Thanks to our shout-outs/shouts-out exchange, Ryan North (of Dinosaur Comics fame) and I have been going back and forth about his use of language on the site. The first thing to say is that it’s self-aware; he understands that he’s playing with language, and revels in it.

Our exchange started with my noticing one of the headings on the site:

WHAT ARE THE HAPS MY FRIENDS

From the context, I gathered that haps (which was, I think, new to me) was, roughly, ‘happenings’, so that the question conveyed was ‘What’s happenin(g)? What’s goin(g) on? What’s up?’

(I’ll save the punctuational issues — no apostrophe for the vocative “my friends”, no final question mark — for later postings.)

Ryan agreed with my reading. I thought he’d invented haps himself, but what he said was:

The backstory is that I really don’t like the word “blog”, so I wasn’t going to call this little blurb beneath my comic “RYAN’S BLOG O’ THE DAY”.  The synonyms for “blog” all sound equally unappealing to me (“internet diary”, etc), and I wanted something that said “Here’s some news that you might find interesting” in a way that was friendly and different – most other comics just say “Newspost” or “Rant”.  ”What are the haps” (short for “what are the happenings”, “what is going on”, etc) was a phrase I’d heard used semi-ironically (or at least, a phrase I’d never seen used fully sincerely) a few years back, and adding “my friends” to the end gave the phrase a bumpy cadence that I liked.

So I’m hoping it conveys a sort of “Hey!  What’s going on, guys?” casual tone to what follows below, as if the title is asking “What’s going on?” and the post below is saying “Hey, here’s what’s new with me!”.

So, lost in the mists of time. But Ryan’s use has been the impetus for the spread of haps all over the net; search on {“what are the haps”} and you’ll get a lot of stuff. Ryan himself was surprised.

There are precedents for hapsprops ‘propers, proper respect or recognition’ , in particular.

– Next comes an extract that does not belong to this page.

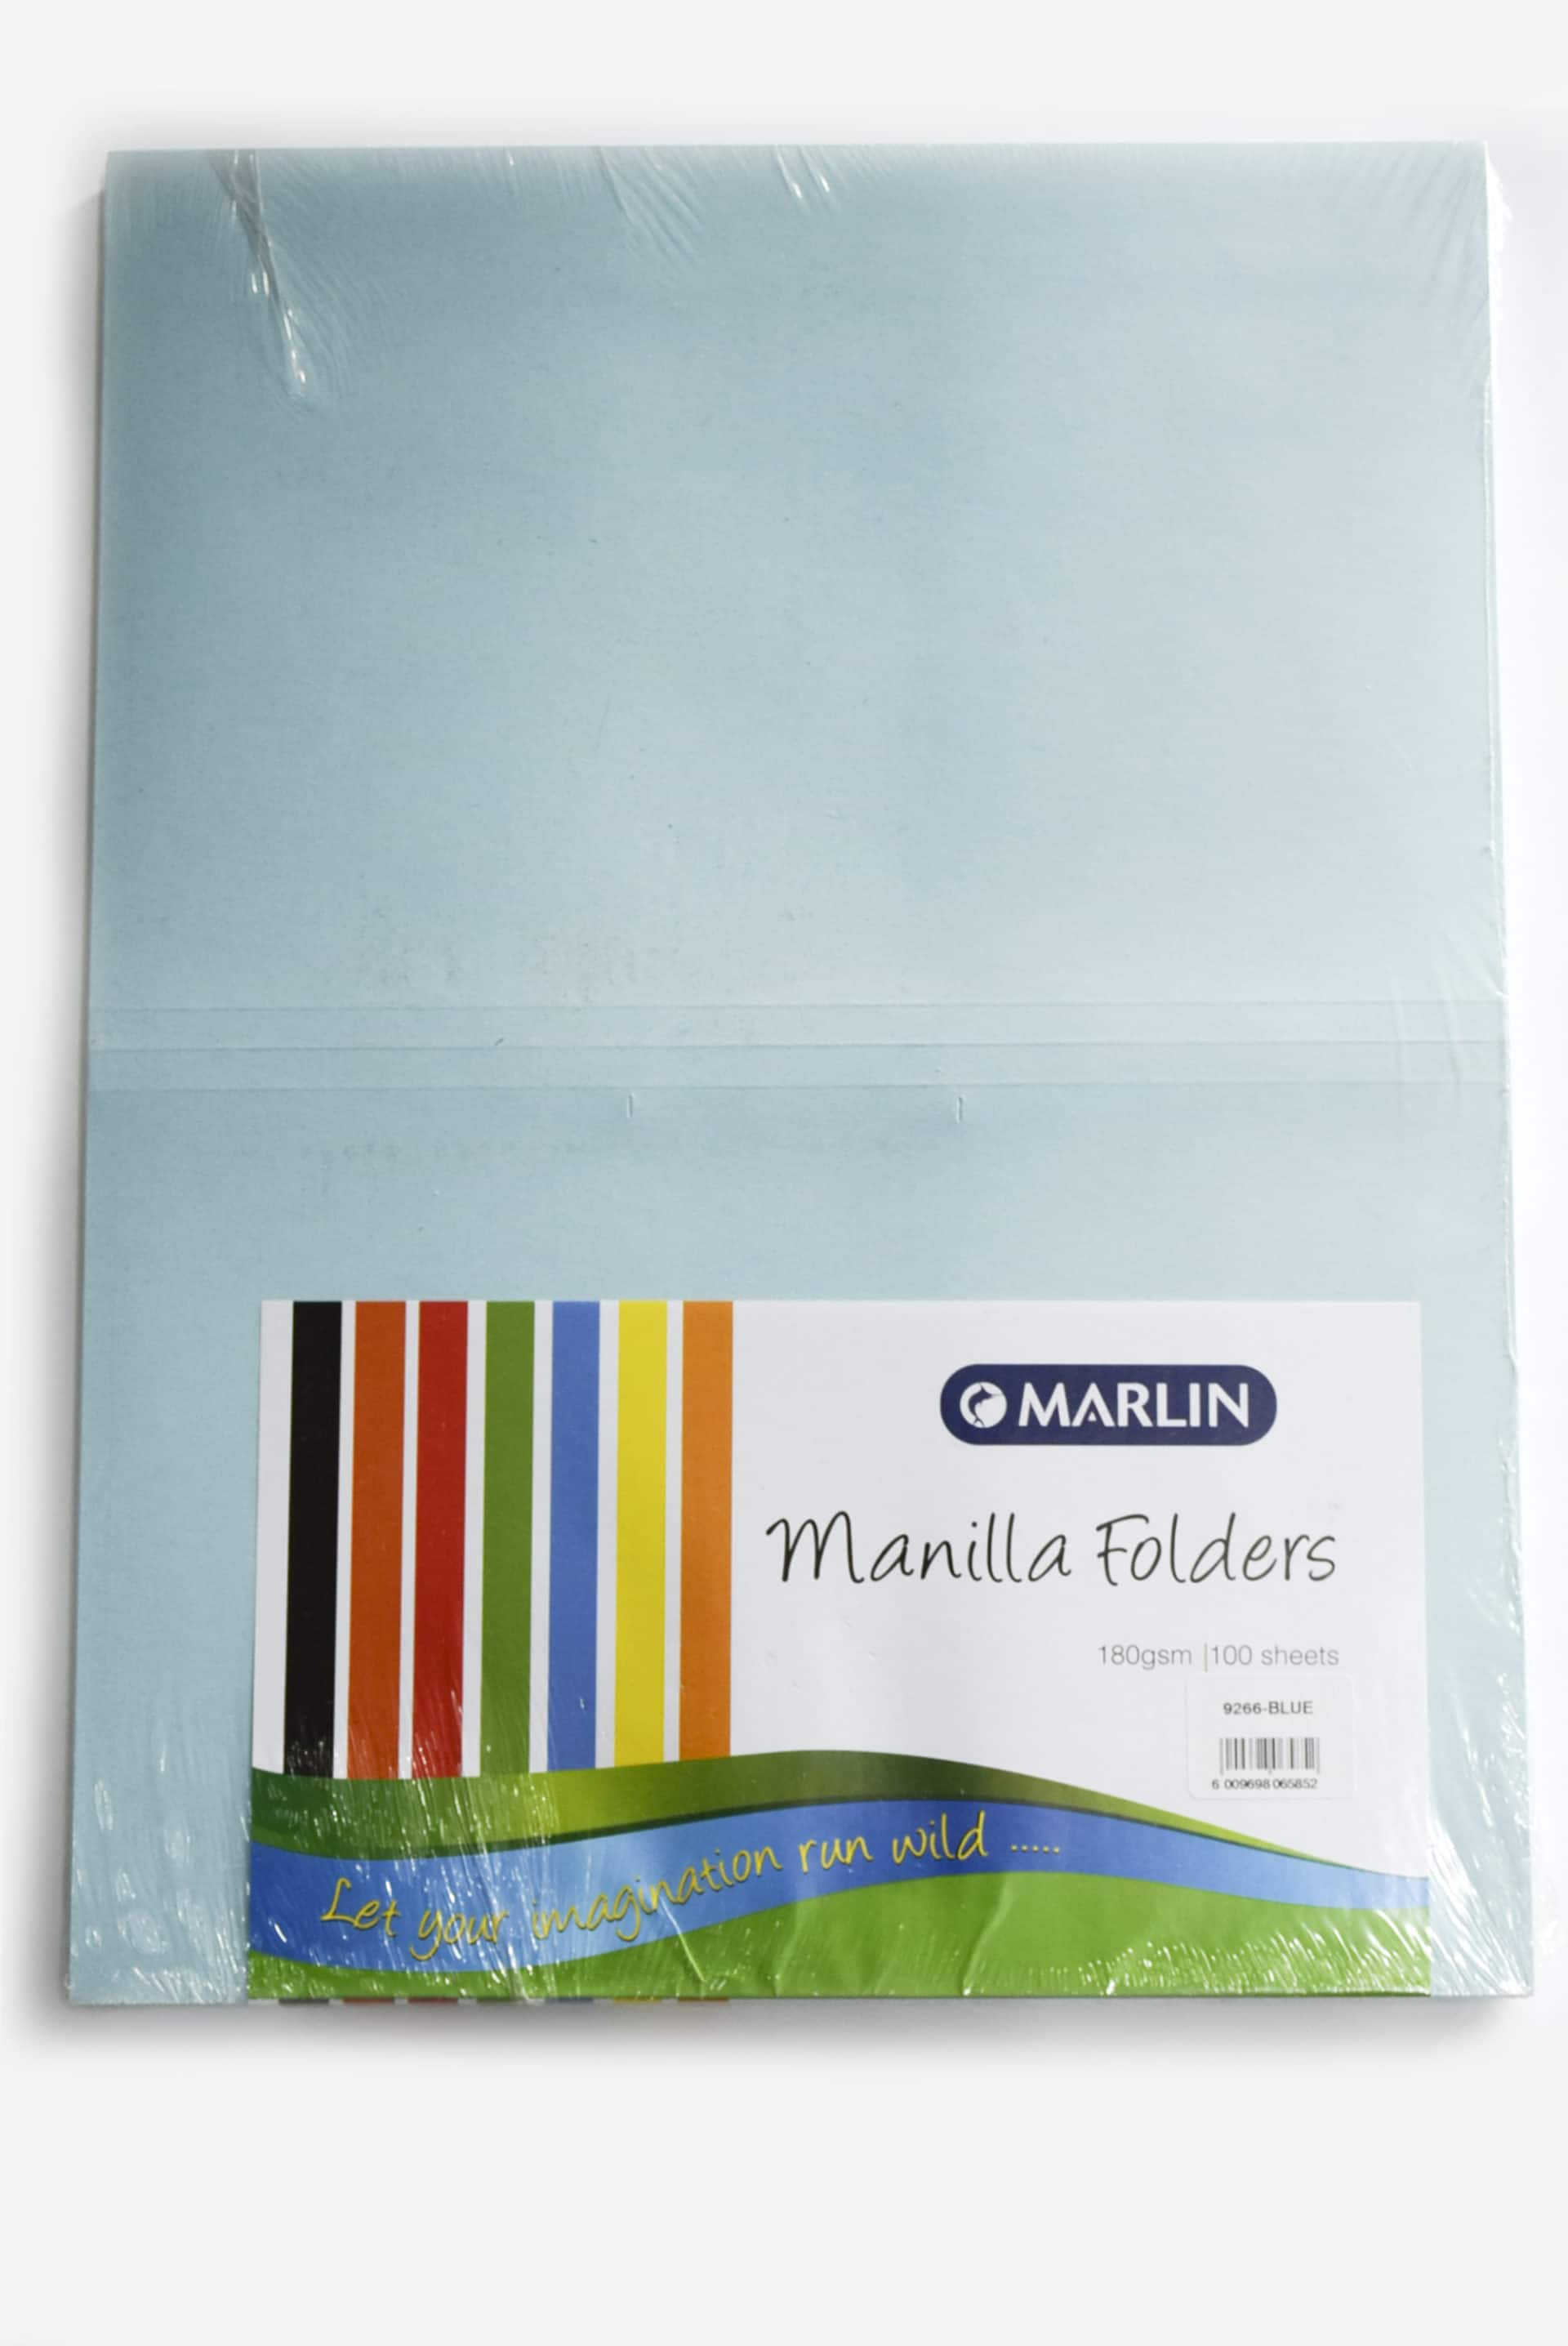 Manilla Folders 9266 Blue 100's 1

[Yes, these things are slang and consequently are mostly restricted to certain users, contexts, purposes, and audiences, but so what? I'm not recommending such usages as formal written standard English. I'm not here as an arbiter of taste, but as a reporter on the passing scene.

And, in any case, formal written standard English is a variety with a very small -- in comparison to the full collection of varieties of English out there in the world -- niche. Granted, a niche with extraordinary social and political significance, but it's not the world, only a tiny part of it.

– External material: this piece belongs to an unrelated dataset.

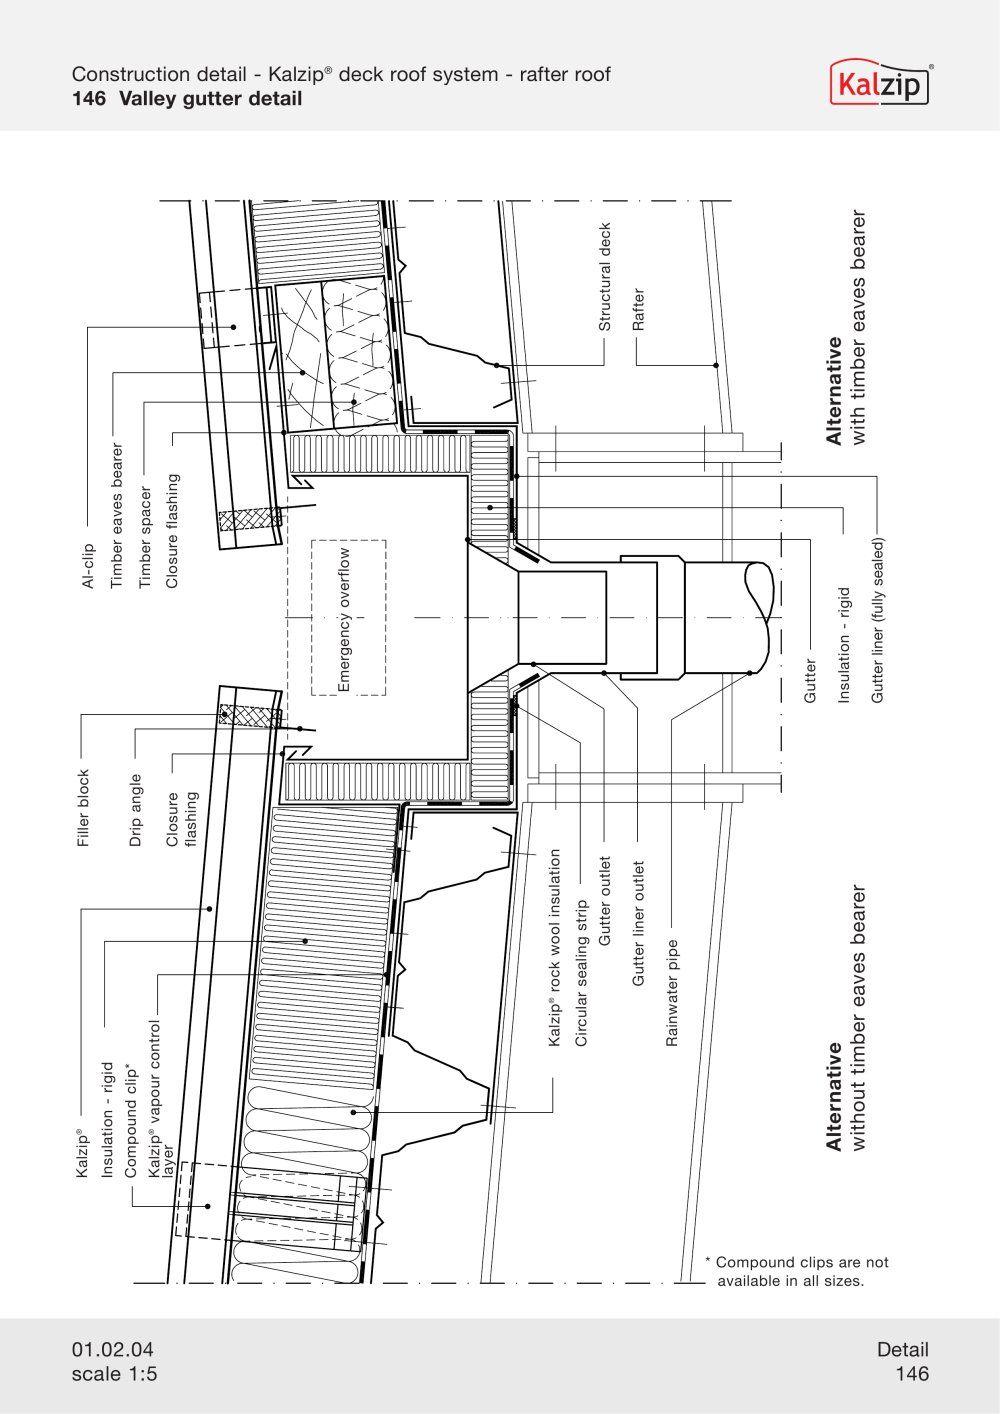 Kalzip Construction Details Archiexpo Roof Construction Roof

(I say this because I get a certain amount of flak when I write about demotic variants.)

(And I am, of course, writing in, mostly, formal written standard English, because that's what the context calls for.)]

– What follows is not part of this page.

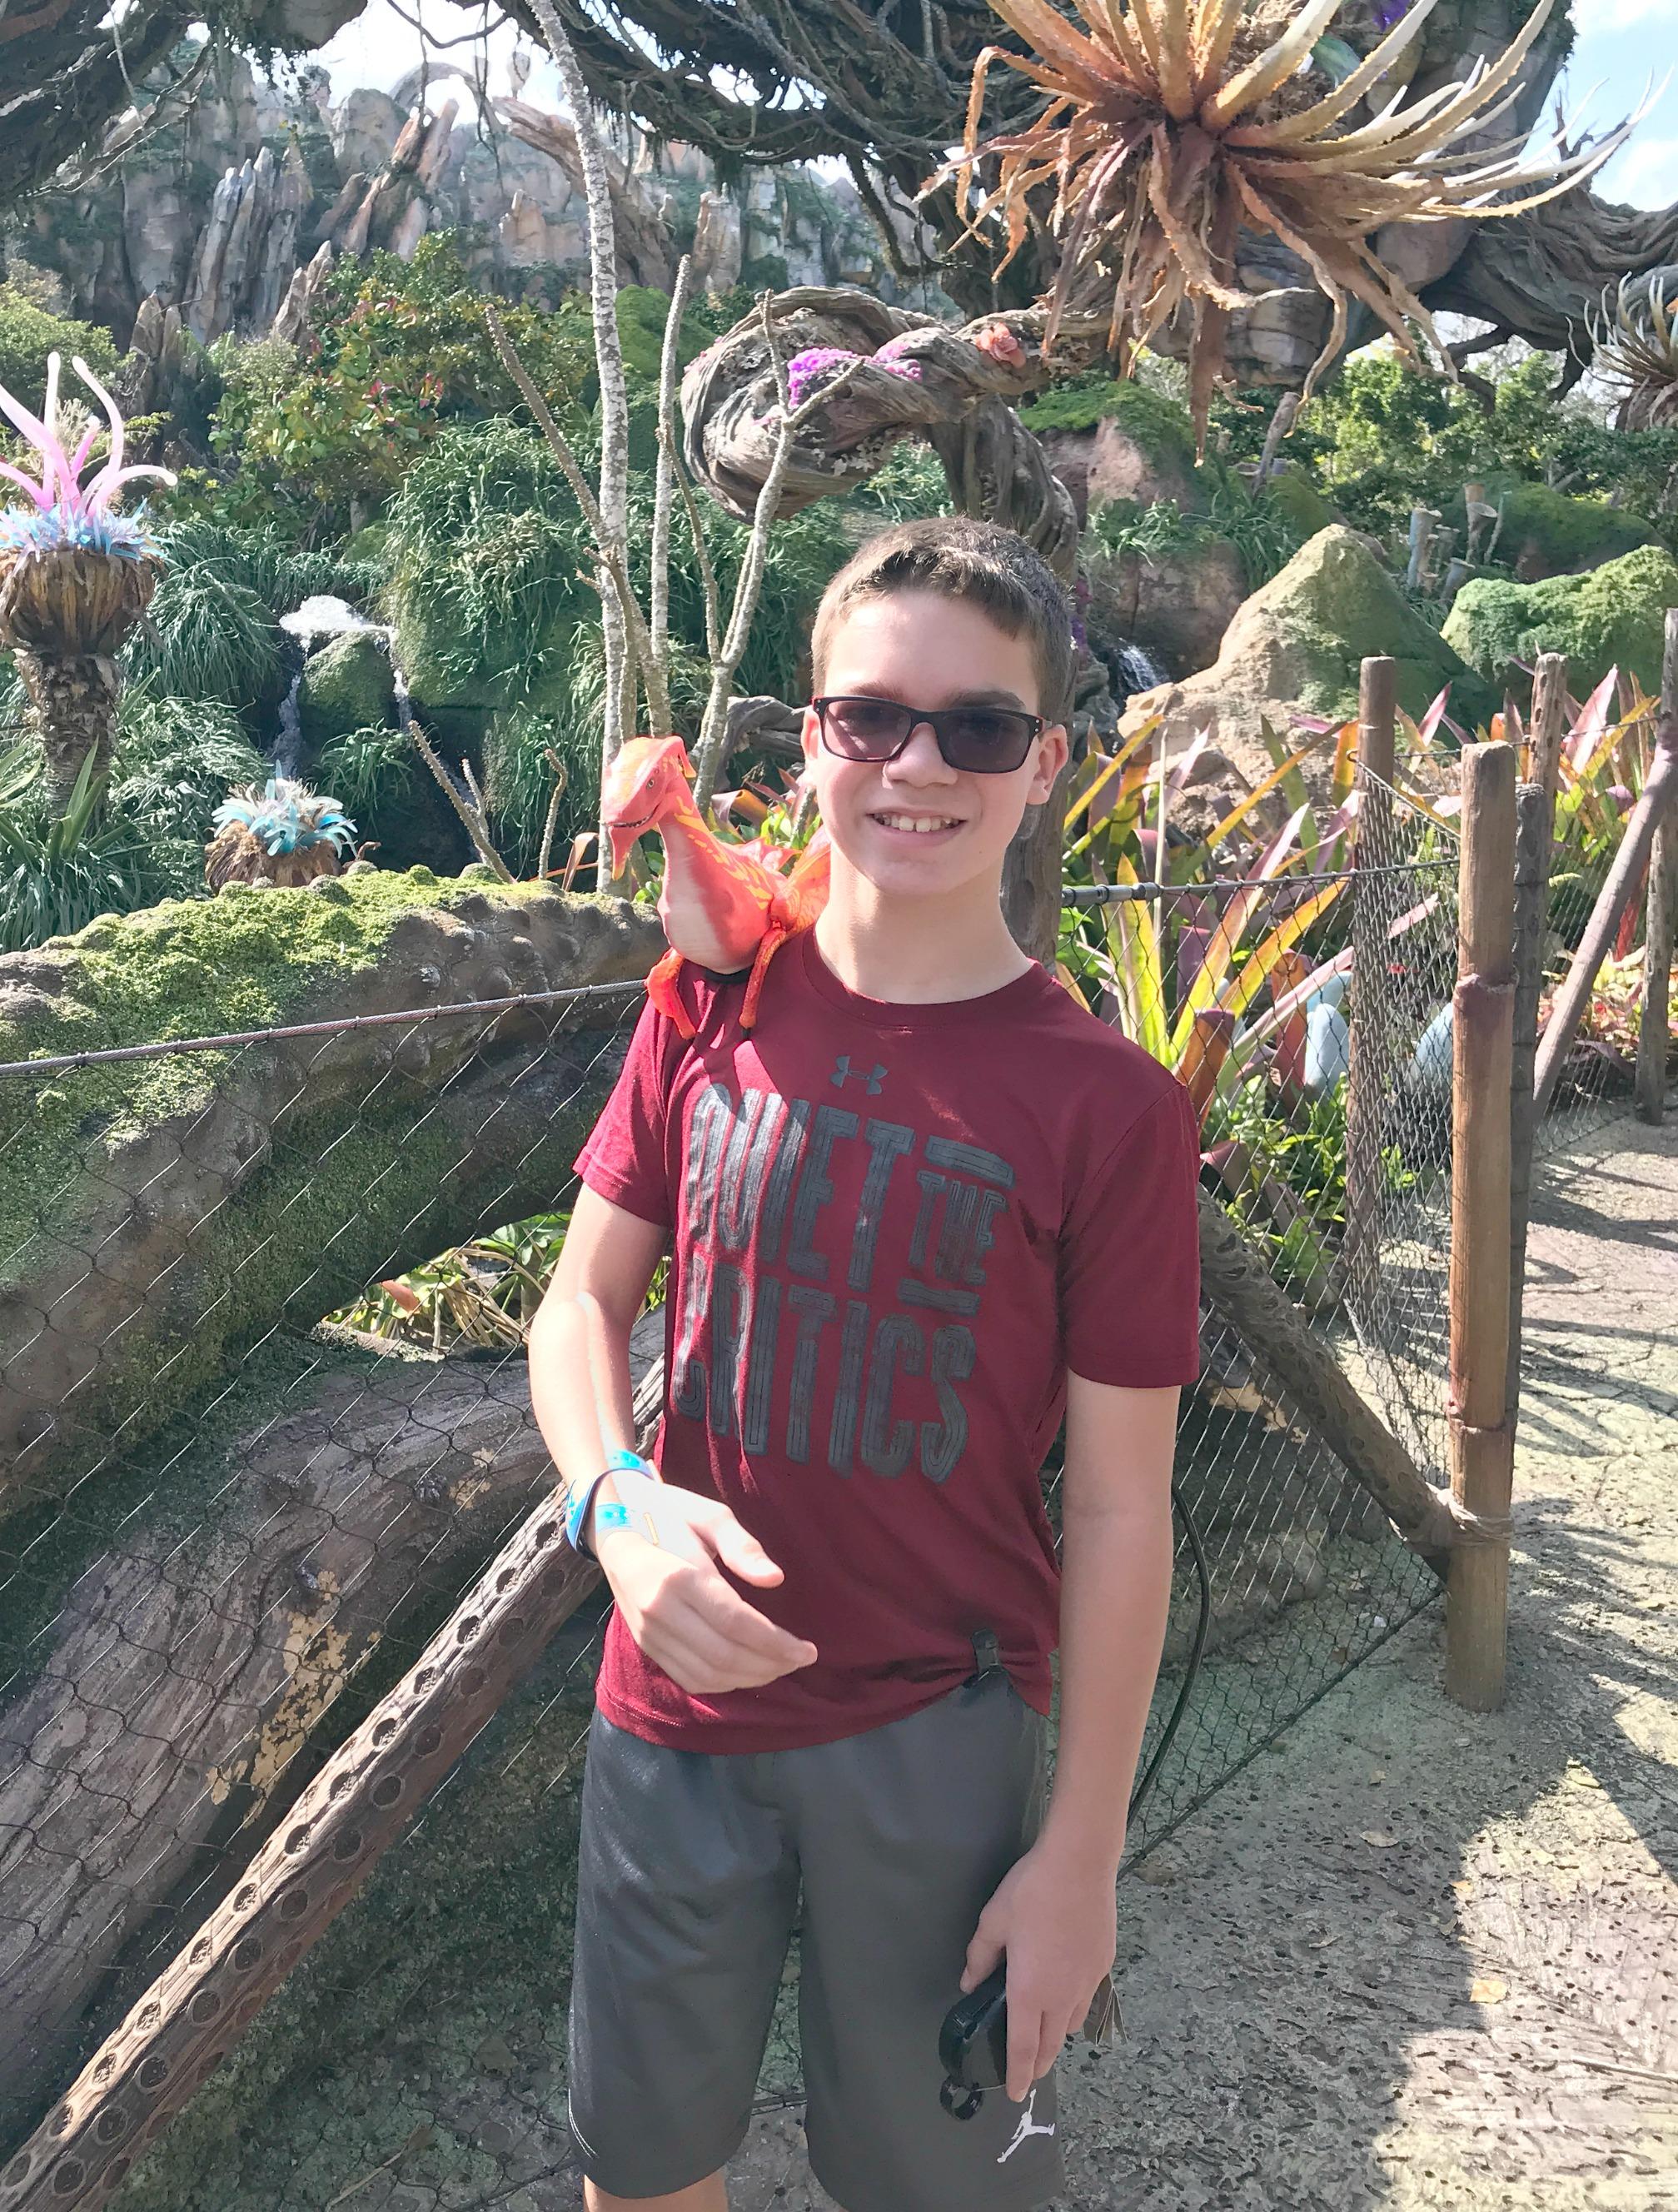 Adopt a Banshee Visiting Disney's Pandora

In this particular case, I celebrate the playful and creative deployment of language in Ryan’s cartoons.

The cartoons come with auxiliary material under four headings:

(1) WHAT ARE THE HAPS MY FRIENDS

(2) ADS WOO

(3) GUYS YOU CAN TOTALLY BUY THIS SHIRT I MADE

(4) BIG UPS AND SHOUT OUTS

Heading (1) is what I started with. Heading (2) is over, well, ads; Ryan can’t just do this stuff for free (as the Language Loggers and other linguabloggers do), but needs some source of income. Woo is fascinating on its own.

Heading (3) is more commerce, enlivened by the extension of degree totally into interesting new territory.

And heading (4) has both shouts out and another -s innovation (not Ryan’s, but still recent), ups. Several sites gloss big ups as ‘massive props’, which pleases me a lot.